Kohda’s previous research showed that wrasse can pass the mirror test, a controversial cognitive assessment that purports to reveal self-awareness, or the ability to be the object of one’s own thoughts. The test involves exposing the animal to a mirror and then secretly placing a tag on the animal’s face or body to see if it will notice it in its reflection and try to touch it on its body. Previously, only a few species with large brains, including chimpanzees and other great apes, dolphins, elephants and magpies, had been tested.

In a new study, cleaner fish that completed the mirror test were then able to distinguish their own faces from those of other cleaner fish in photographs. This suggests that fish identify themselves in the same way that humans think they do—by visualizing their faces, Kohda and colleagues report Feb. 6 in Proceedings of the National Academy of Sciences .

“I think it’s really remarkable that they can do this,” says primatologist Frans de Waal of Emory University in Atlanta, who was not involved in the study. “I think this is incredible research.”

De Waal is quick to point out that failing the mirror test should not be taken as evidence of a lack of self-awareness. Still, scientists are struggling to understand why some species known to have complex cognitive abilities, such as monkeys and crows, didn’t make the cut. Researchers also question whether the test is appropriate for species such as dogs, which rely more on their sense of smell, or pigs, which may not care enough about a mark on their body to try to touch it.

The mixed results in other animals make it even more surprising that a small fish can pass. In their first studies using mirrors, published in 2019 and 2022, Kohda’s team exposed wild-caught cleaner fish to mirrors in separate aquariums for a week. The researchers then injected a brown dye directly under the scales on the fish’s throat, making a mark similar to the parasites these fish eat on the skin of larger fish in the wild. When the tagged fish saw themselves in the mirror, they began hitting their throats against rocks or sand on the bottom of the tank, apparently trying to scrape off the tags.

In the new study, 10 fish that completed the mirror test were then shown a photo of their own face and a photo of the face of an unfamiliar cleaner fish. All fish were aggressive toward the unfamiliar photo as if it were someone else’s, but were not aggressive toward the photo of their own face.

When another eight fish that had spent a week near the mirror but had not been tagged before were shown a photo of their face with a brown tag on their throat, six of them began scratching their throats like the fish that had passed the mirror test. . But they didn’t scratch when shown a photo of another fish with a tag.

The researchers believe that animals that recognize their reflection in a mirror most likely first learn to identify themselves by seeing the animal’s movement in the mirror match their own movement. Because cleaner fish could also recognize their own faces in still images, they, and perhaps other animals in the mirror test, could identify themselves by creating an imaginary image of their face that they could compare with what they see in a mirror or on photos, say the authors.

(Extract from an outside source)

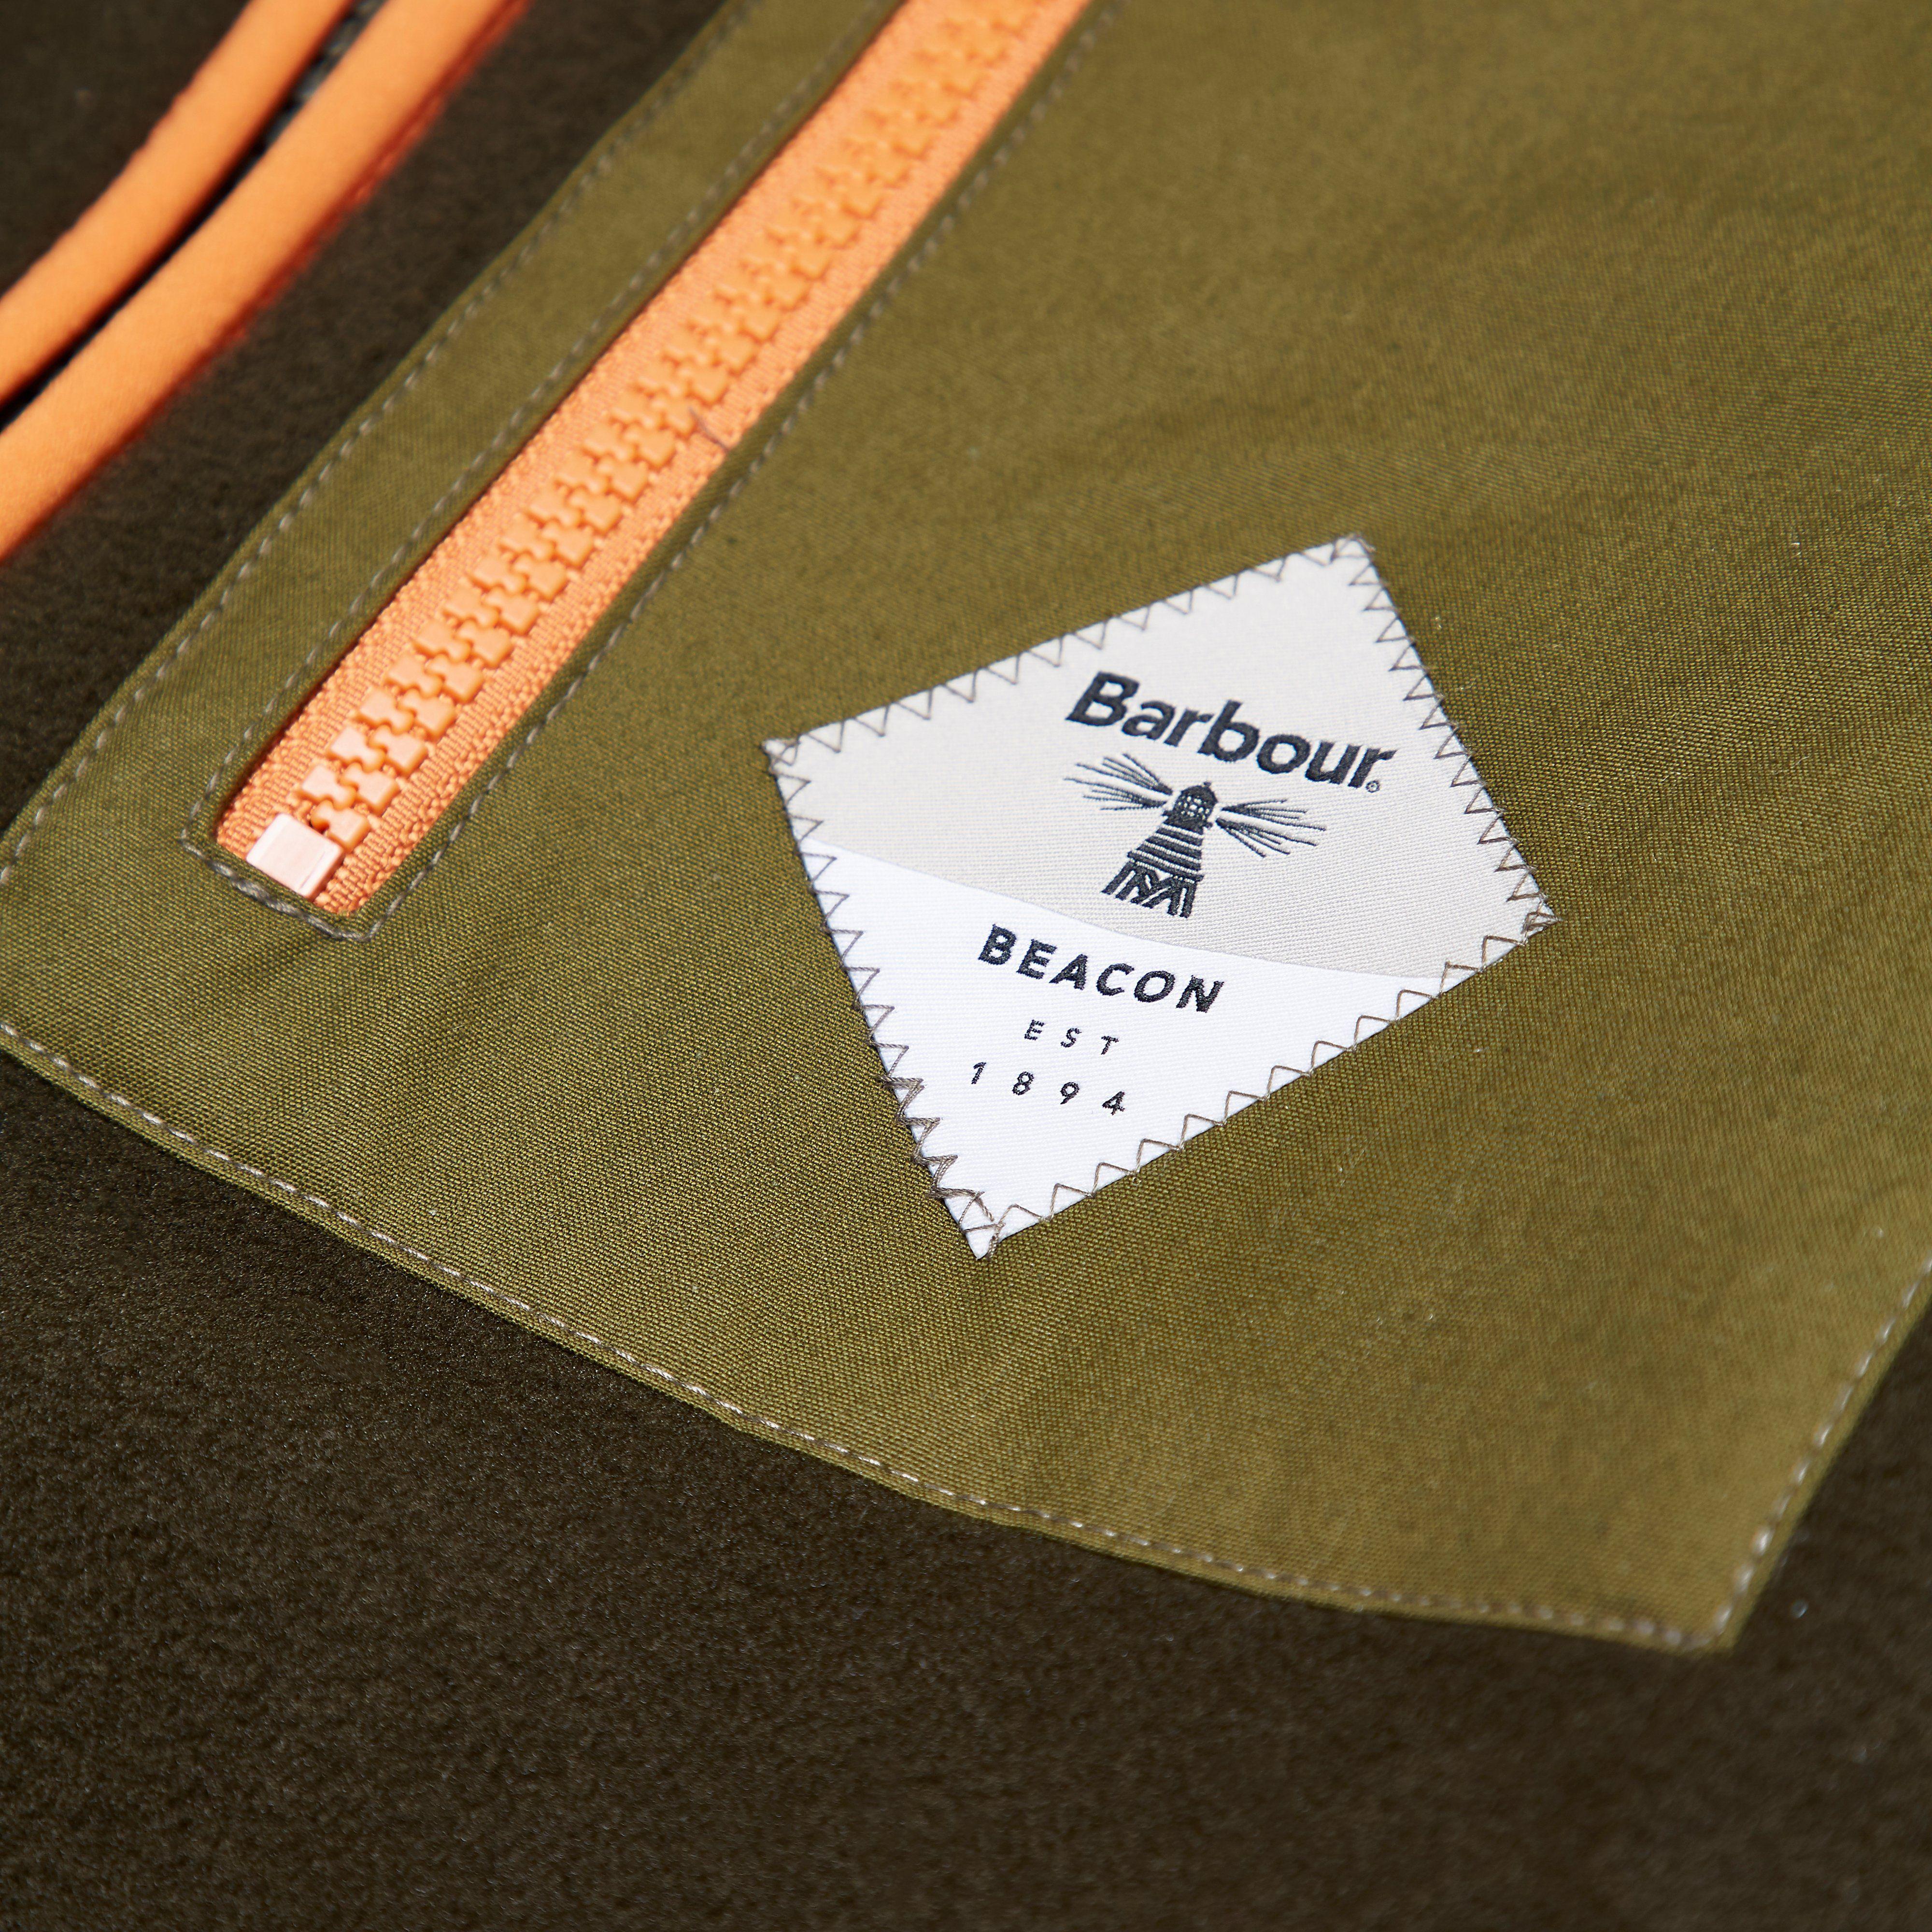 Barbour Beacon Egremont Fleece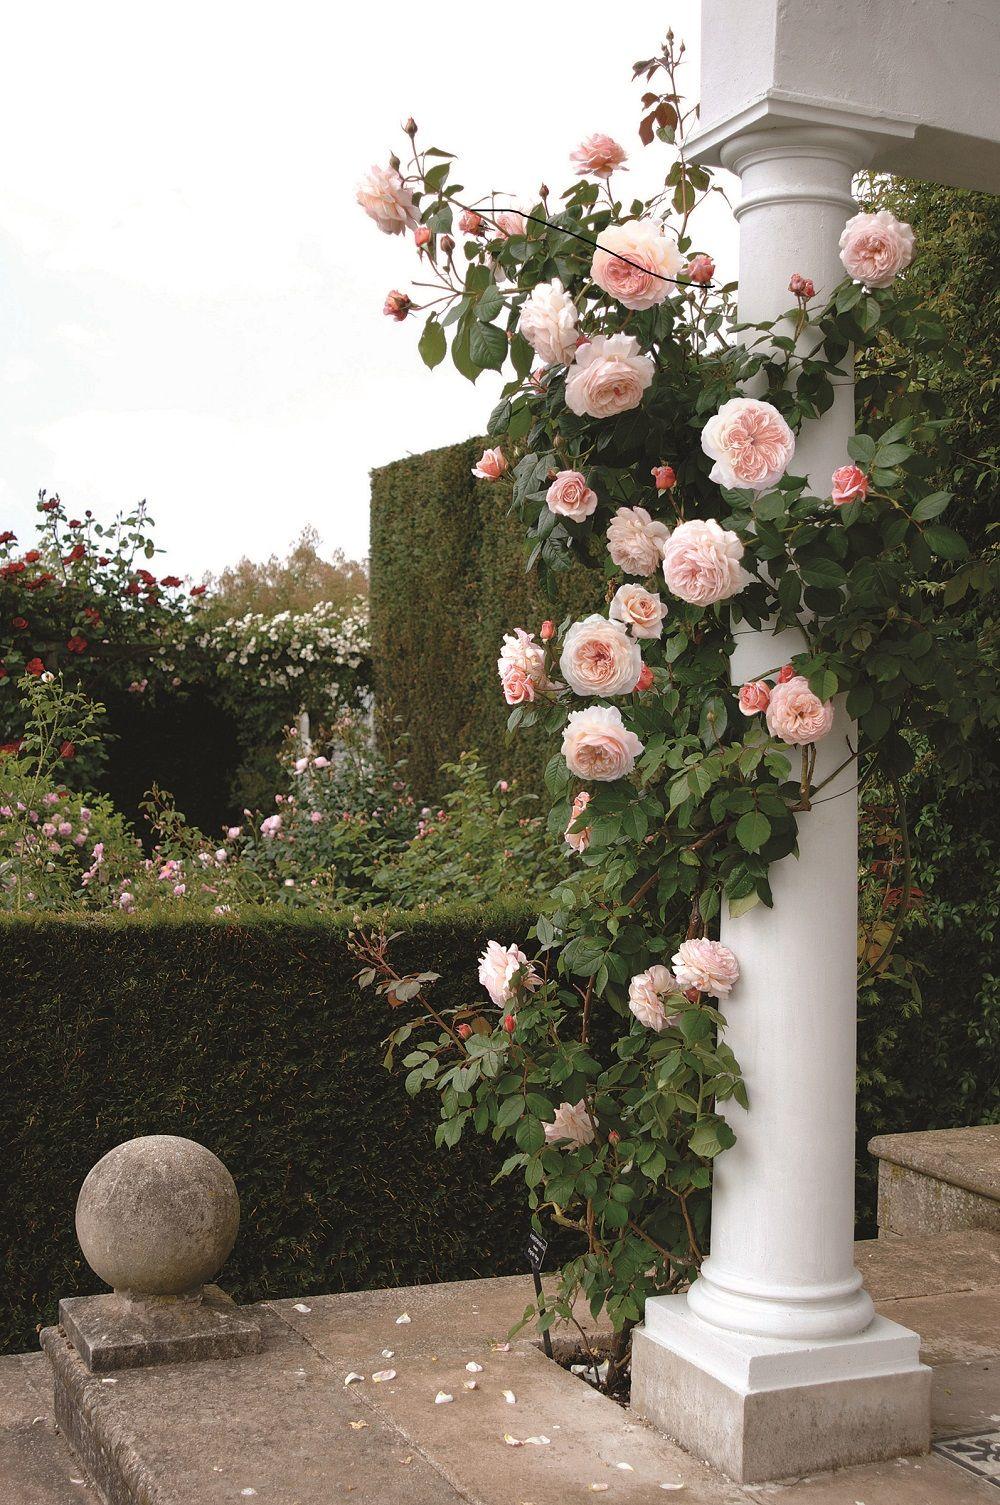 Piante Di Rose Rampicanti a shropshire lad - climbing rose   rose rampicanti, angolo

“I think it’s a great next step,” says comparative cognitive psychologist Jennifer Vonk of Oakland University in Rochester, Michigan, who was not involved in the study. But she would like to see more research before jumping to conclusions about what is represented in the mind of a non-verbal creature like a fish. “As with most other studies, this still leaves some room for further observation.”

Kohda’s lab plans to conduct additional experiments to continue to explore what’s going on in the cleaner fish’s brain, and to test the new photo recognition method on another popular research fish, the three-footed stickleback ( Gasterosteus aculeatus ).

Animal behaviorist Jonathan Balcombe, author of ” What does a fish know? ,” is already convinced, describing the new study as “robust and pretty brilliant.” Humans shouldn’t be surprised that fish can be self-aware, given that they already have complex behaviors, including tool use, planning and cooperation, Balcombe says. “It’s time to stop thinking of fish as lesser members of the vertebrate pantheon.”